> EXERCISE INPUT:
*** Begin section ***

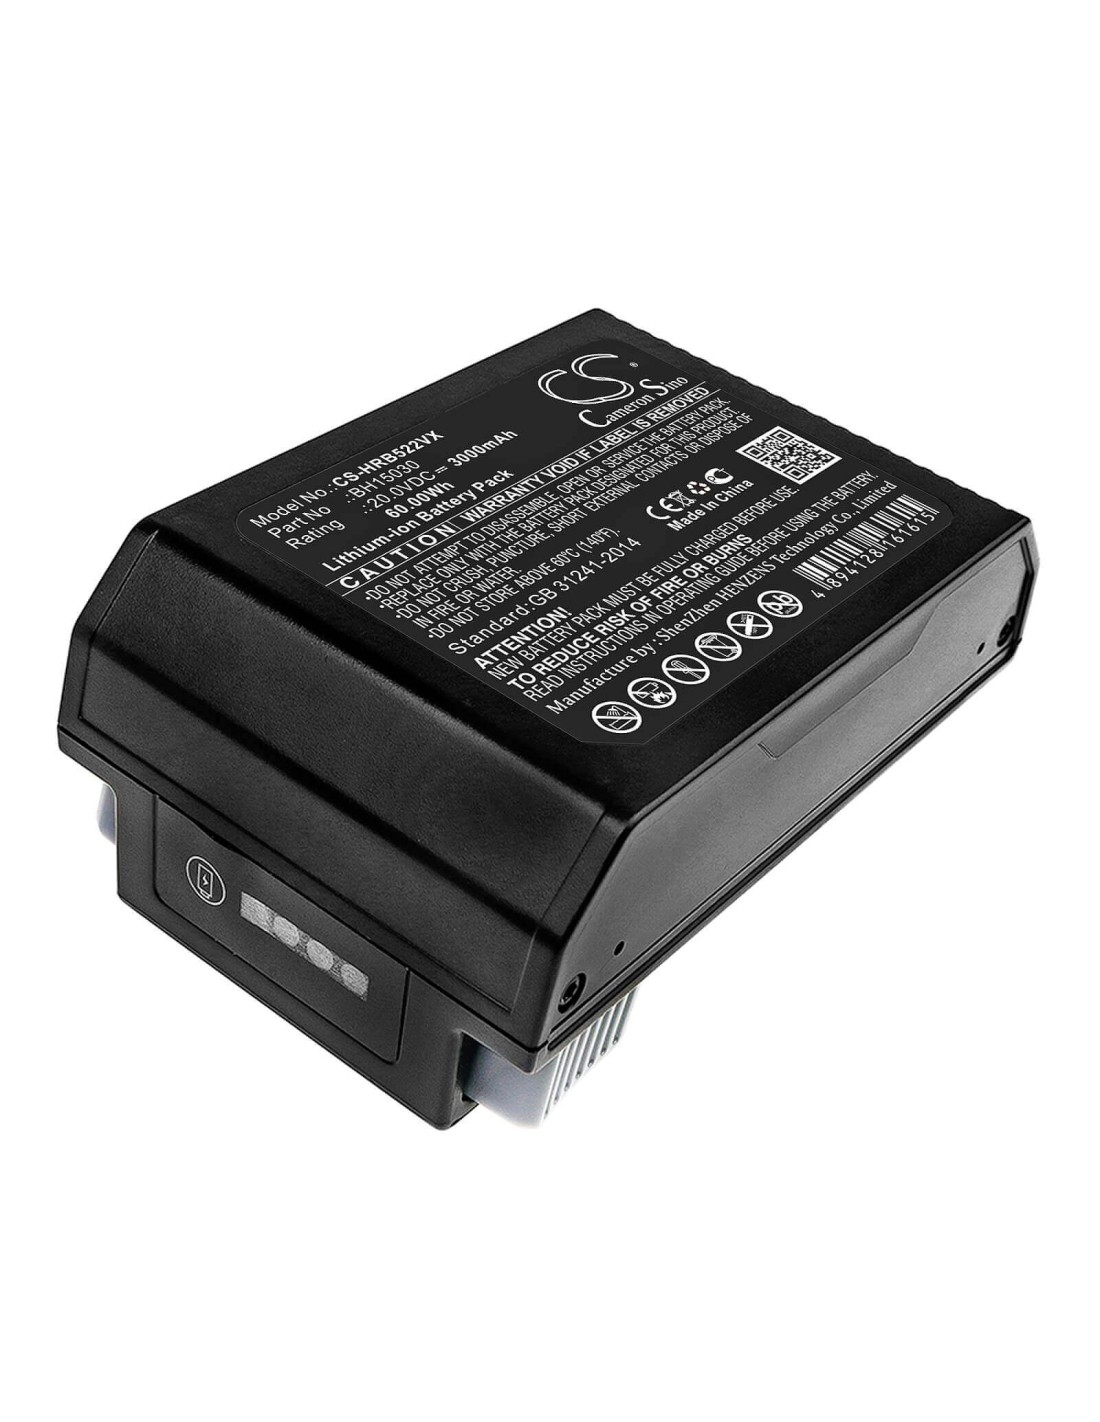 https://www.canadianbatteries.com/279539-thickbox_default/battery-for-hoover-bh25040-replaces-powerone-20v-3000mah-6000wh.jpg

*** End section ***
*** Begin section ***

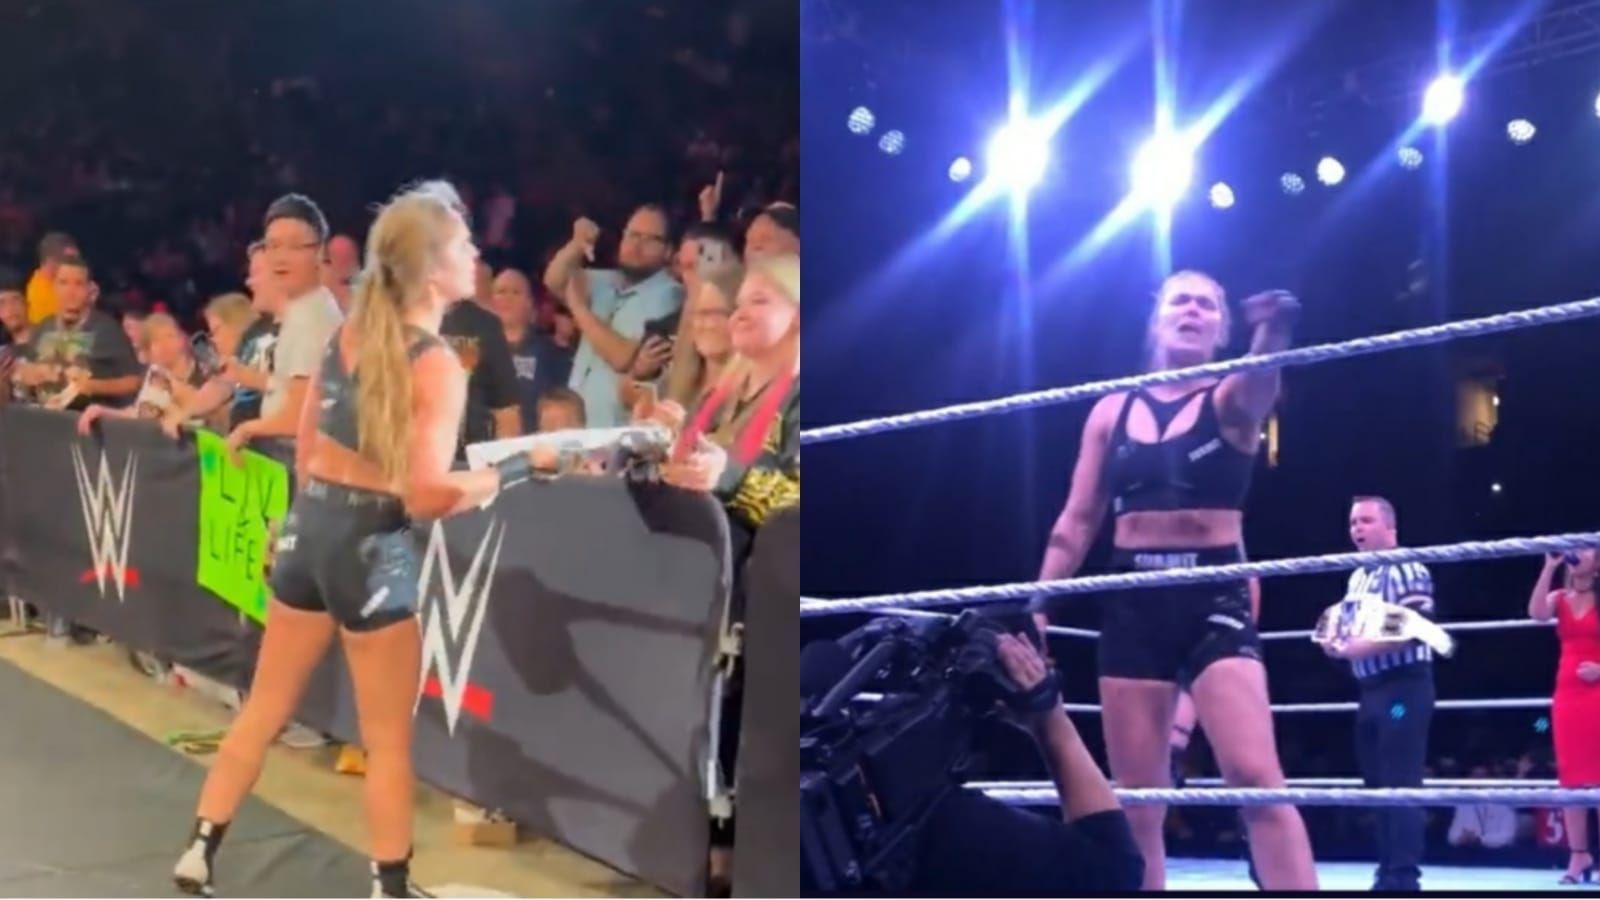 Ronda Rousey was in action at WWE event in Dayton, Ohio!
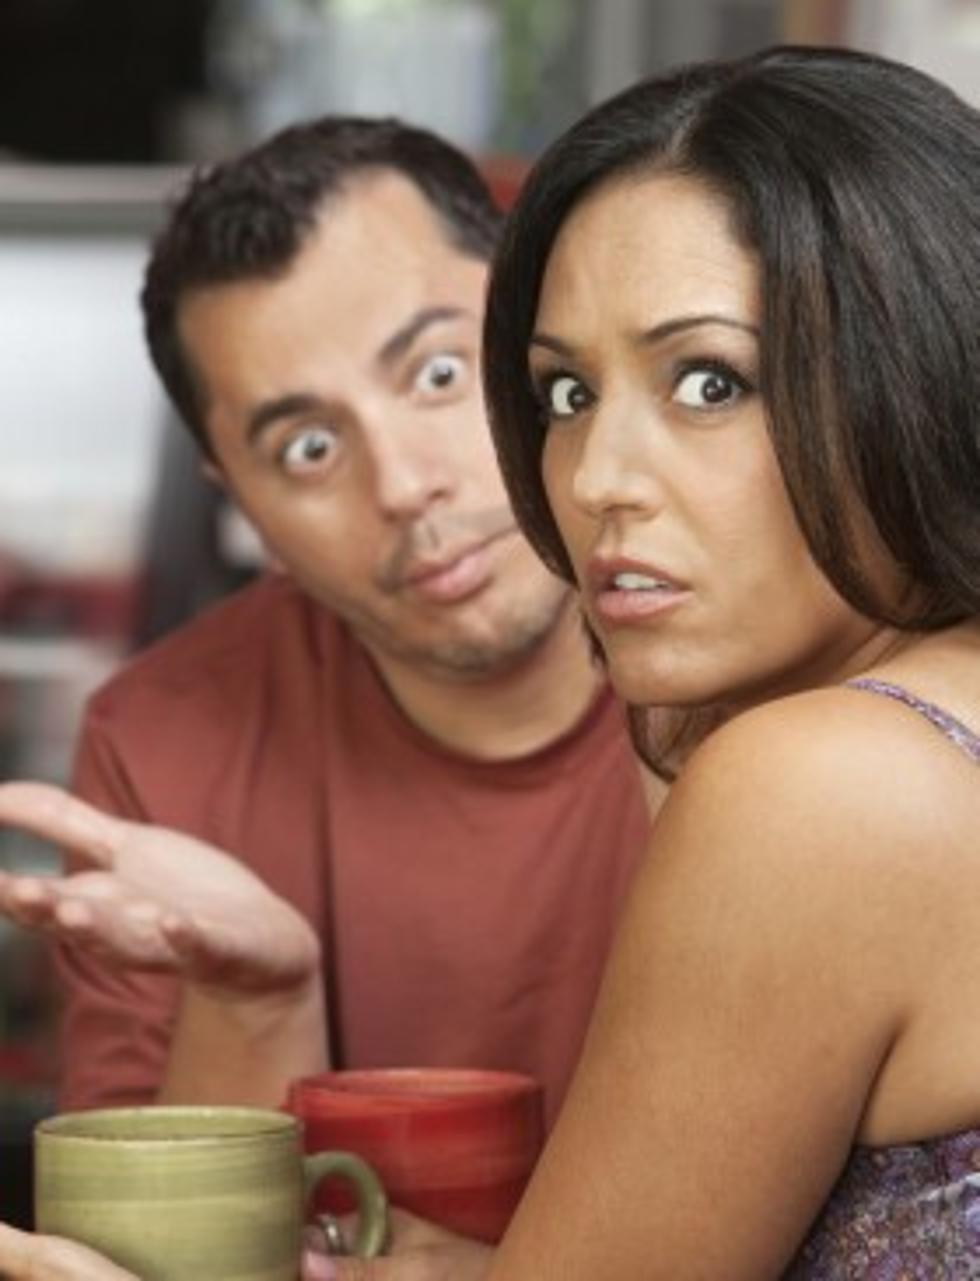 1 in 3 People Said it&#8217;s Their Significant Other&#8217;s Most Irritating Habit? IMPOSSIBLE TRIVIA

*** End section ***
*** Begin section ***

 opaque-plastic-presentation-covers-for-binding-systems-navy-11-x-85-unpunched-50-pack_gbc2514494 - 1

*** End section ***

> TASK TO CARRY OUT:
Each line between the one holding "Ronda Rousey was" and the one holding "1 in 3 People", inclusive, should be copied exactly as it appears above, and pictures should be omitted.

> THE COMPLETED TASK:
 Ronda Rousey was in action at WWE event in Dayton, Ohio!
 1 in 3 People Said it&#8217;s Their Significant Other&#8217;s Most Irritating Habit? IMPOSSIBLE TRIVIA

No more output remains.